Junegunn Choi created HBASE-29365:
-------------------------------------
Summary: Improve option parser of PerformanceEvaluation
Key: HBASE-29365
URL: https://issues.apache.org/jira/browse/HBASE-29365
Project: HBase
Issue Type: Bug
Components: PE
Reporter: Junegunn Choi
h2. Summary
{{PerformanceEvaluation.parseOpts}} spans over 300 lines long with significant
code duplication, and has several usability issues. It needs to be refactored
and improved.
*
[https://github.com/apache/hbase/blob/787f5459883211b6017cee6a9bcb109f3cb66ddb/hbase-diagnostics/src/main/java/org/apache/hadoop/hbase/PerformanceEvaluation.java#L2845-L3158]
h2. Problems
h3. Code duplication
The same code pattern is repeated for each option.
{code:java}
final String rows = "--rows=";
if (cmd.startsWith(rows)) {
opts.perClientRunRows = Long.parseLong(cmd.substring(rows.length()));
continue;
}
{code}
* Define the option prefix as a constant
* Check if the argument starts with the prefix
* Use {{substring}} to extract the value
* Move on to the next argument
We can easily refactor this pattern and reduce the code duplication.
h3. Usability issues
Malformed arguments are not handled gracefully, often resulting in confusing
error messages. Here are some examples.
h4. Confusing error messages
The {{--rows}} option expects a value, but if omitted, it prints a
{{ClassNotFoundException}} exception, followed by an error message that doesn't
clearly indicate the problem.
{noformat}
$ bin/hbase pe --rows
INFO [main {}] hbase.PerformanceEvaluation: No class found for command: --rows
java.lang.ClassNotFoundException: --rows
at
jdk.internal.loader.BuiltinClassLoader.loadClass(BuiltinClassLoader.java:641)
~[?:?]
at
jdk.internal.loader.ClassLoaders$AppClassLoader.loadClass(ClassLoaders.java:188)
~[?:?]
at java.lang.ClassLoader.loadClass(ClassLoader.java:525) ~[?:?]
at
org.apache.hadoop.hbase.PerformanceEvaluation.isCustomTestClass(PerformanceEvaluation.java:3258)

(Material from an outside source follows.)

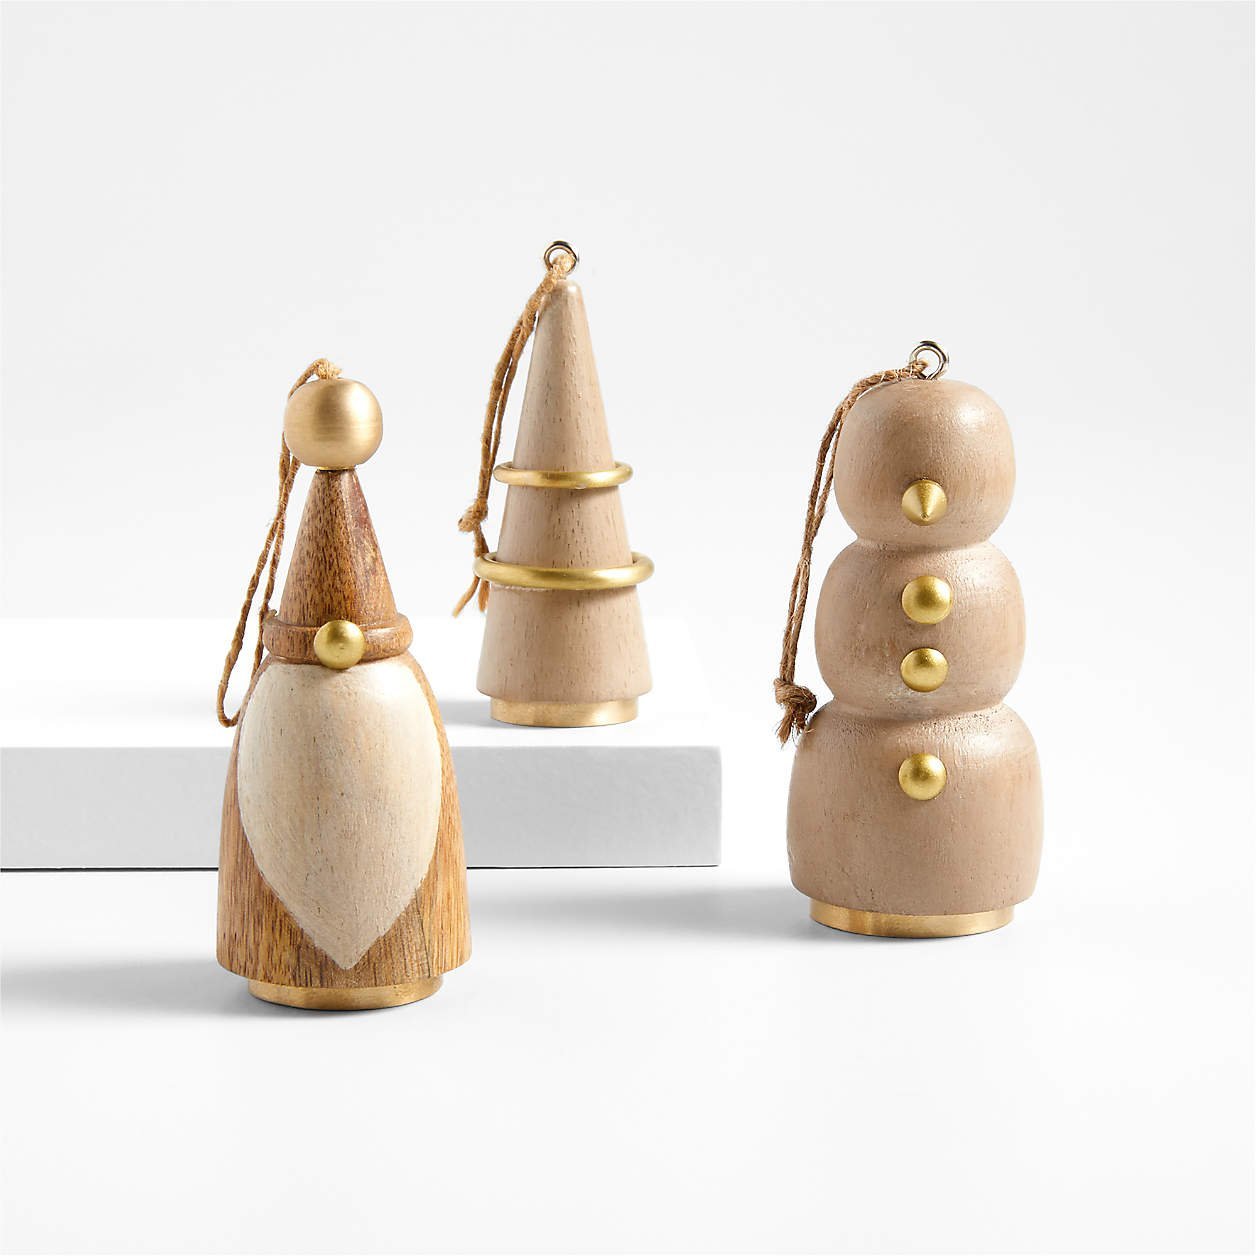 brass-and-wood-christmas-ornaments.jpeg

~[hbase-diagnostics-4.0.0-alpha-1-SNAPSHOT.jar:4.0.0-alpha-1-SNAPSHOT]
at
org.apache.hadoop.hbase.PerformanceEvaluation.isCommandClass(PerformanceEvaluation.java:3251)
~[hbase-diagnostics-4.0.0-alpha-1-SNAPSHOT.jar:4.0.0-alpha-1-SNAPSHOT]
at
org.apache.hadoop.hbase.PerformanceEvaluation.parseOpts(PerformanceEvaluation.java:3139)
~[hbase-diagnostics-4.0.0-alpha-1-SNAPSHOT.jar:4.0.0-alpha-1-SNAPSHOT]
at
org.apache.hadoop.hbase.PerformanceEvaluation.run(PerformanceEvaluation.java:3217)
~[hbase-diagnostics-4.0.0-alpha-1-SNAPSHOT.jar:4.0.0-alpha-1-SNAPSHOT]
at org.apache.hadoop.util.ToolRunner.run(ToolRunner.java:82)
~[hadoop-common-3.4.1.jar:?]
at org.apache.hadoop.util.ToolRunner.run(ToolRunner.java:97)
~[hadoop-common-3.4.1.jar:?]
at
org.apache.hadoop.hbase.PerformanceEvaluation.main(PerformanceEvaluation.java:3273)
~[hbase-diagnostics-4.0.0-alpha-1-SNAPSHOT.jar:4.0.0-alpha-1-SNAPSHOT]
ERROR: Unrecognized option/command: --rows
Usage: hbase pe <OPTIONS> [-D<property=value>]* <command|class> <nclients>
...
{noformat}
The same holds true for other options that expect a value.
—
The error message for invalid values can also be improved.
{noformat}
$ bin/hbase pe --rows= --table= --compress=
java.lang.NumberFormatException: For input string: ""
at
java.base/java.lang.NumberFormatException.forInputString(NumberFormatException.java:67)
at java.base/java.lang.Long.parseLong(Long.java:721)
at java.base/java.lang.Long.parseLong(Long.java:836)
at
org.apache.hadoop.hbase.PerformanceEvaluation.parseOpts(PerformanceEvaluation.java:2864)
at
org.apache.hadoop.hbase.PerformanceEvaluation.run(PerformanceEvaluation.java:3217)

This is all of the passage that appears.